Mientras los rascacielos rodean al magnate convertido en presidente de la principal potencia del mundo, el polvo, la tristeza, la desolación y sobre todo la impotencia y la angustia, se apodera de los Almendárez-Meyer, una de las tantas familias separadas por su condición de inmigrantes.
La madrugada del 2 de junio, Eduardo Almendárez, se marchó desde su casa en el municipio de la Unión, Olancho, rumbo a la nación del norte. No iba solo. Además de sus sueños y anhelos por lograr un mejor porvenir para su familia, lo acompañaba Eduardo José, su hijo de once años, quien todavía está en los Estados Unidos, retenido por las autoridades migratorias.
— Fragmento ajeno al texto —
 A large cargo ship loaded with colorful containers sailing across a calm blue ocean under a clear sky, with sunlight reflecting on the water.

Eduardo emprendió su travesía luego de haber pagado $ 6.500 a un coyote—dinero que le prestó un amigo que vive en EE.UU. y que lo esperaba para ubicarlo en un trabajo para luego cobrárselo. Salió de Honduras en medio de la crisis generada en la frontera sur estadounidense, zona donde los agentes fronterizos redoblaron la seguridad para evitar el paso de más migrantes, porque así lo ordenó Trump desde el 6 de abril pasado cuando oficializó la política de «tolerancia cero». Mediante un memorando, no solo advirtió que detendrían y acusarían criminalmente a quienes fuesen detenidos por ingresar ilegalmente al país –por río o tierra-. También complicó la entrada y el escrutinio de los inmigrantes que se presentan en las garitas fronterizas sin una visa.
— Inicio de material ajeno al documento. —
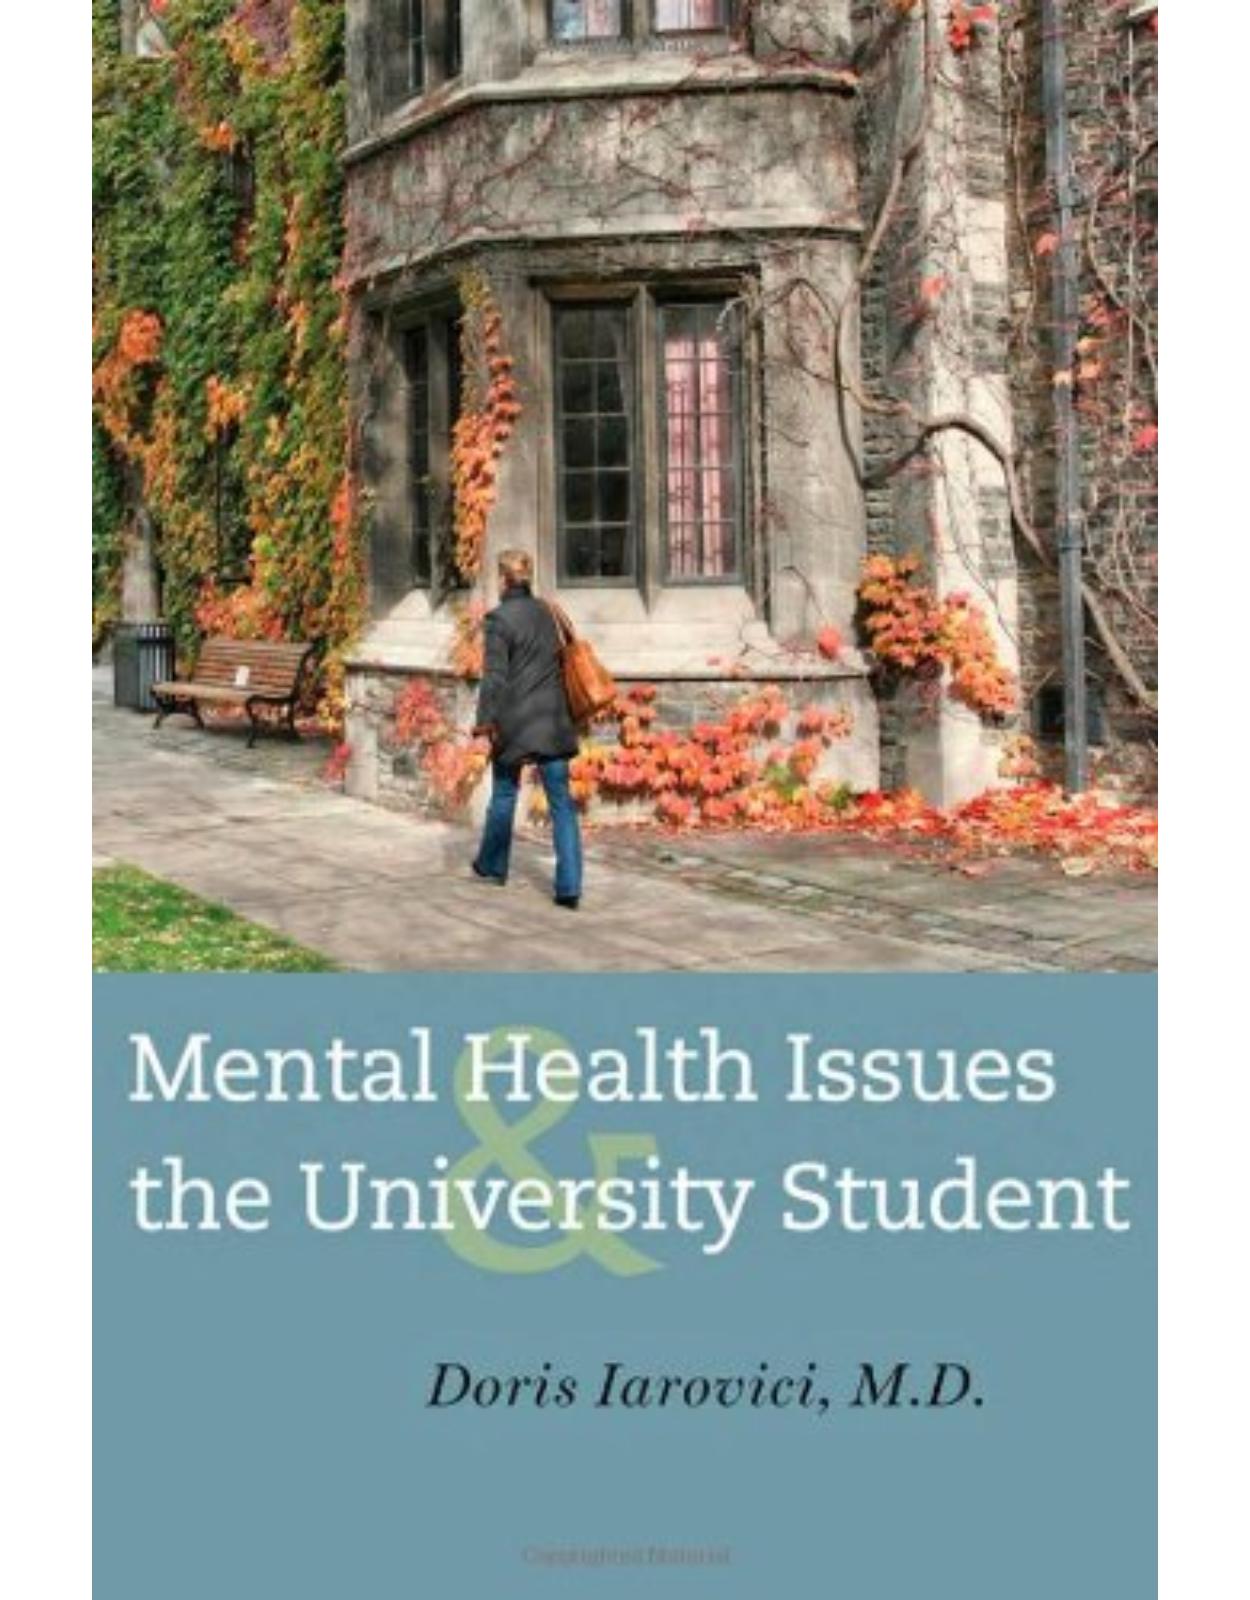 Mental Health Issues and the University Student,

Eduardo no midió la magnitud de las noticias que las agencias y cadenas internacionales estaban narrando, y más bien su ingenuidad lo hizo pensar que yendo junto a su hijo era más fácil su pase hacia el otro lado, pues así se lo hizo saber su amigo que lo esperaba en la tierra del “tío Sam”.
Nos cuenta que decidió llevarse al niño porque su amigo le dijo: “mirá, si tu traes tu hijo vas a pasar más rápido con tu hijo porque ahorita el pase está bueno, con niños…”
En su peregrinaje, se convenció más de la tesis de su amigo porque mientras hacía escalas en varios poblados de Guatemala y luego al seguir la ruta por México, se dio cuenta que en el trayecto iban al menos 50 hondureños acompañados por sus hijos. En pocas palabras se convenció que no era el único en esas circunstancias. Iban padres y madres de Tegucigalpa, La Ceiba, Yoro, relata.
Mientras los niños y niñas iban en medio de los adultos, compartían las mismas incomodidades: dormían en el suelo, se montaban en vagones cerrados con apenas dos pequeñas ventanillas e iban de pie durante largos trayectos.
“Meten a 70 personas en esos comboys (vagones), que casi ni cabemos, sino que vamos apretados, casi desmayándonos del calor. Nos levaban a cierta parte, nos bajan de los comboys (vagones) y nos meten en un tráiler”. Después de haber superado la pasadilla de los vagones y tráilers, los inmigrantes fueron retenidos en Villahermosa por la Policía Estatal de Tabasco, más conocida como “la migra”.
Eduardo nos relató que cuando “los federales llegaron allí, hicieron tirazón (balacera) y los guías se la dieron, (los coyotes huyeron) no agarraron ni un guía (coyote). A nosotros nos tiraron boca abajo. Nos dijeron que no les viéramos la cara”.
En su relato, evidenció el secreto a voces entorno a la corrupción que existe en lo interno de la policía mexicana. Nos contó que los coyotes le dan una clave a quien va pagando la travesía y que cuando se dio la balacera los traficantes de personas le daban la clave a los policías para que apartaran a sus clientes y retuvieran a todos aquellos que no tenían clave.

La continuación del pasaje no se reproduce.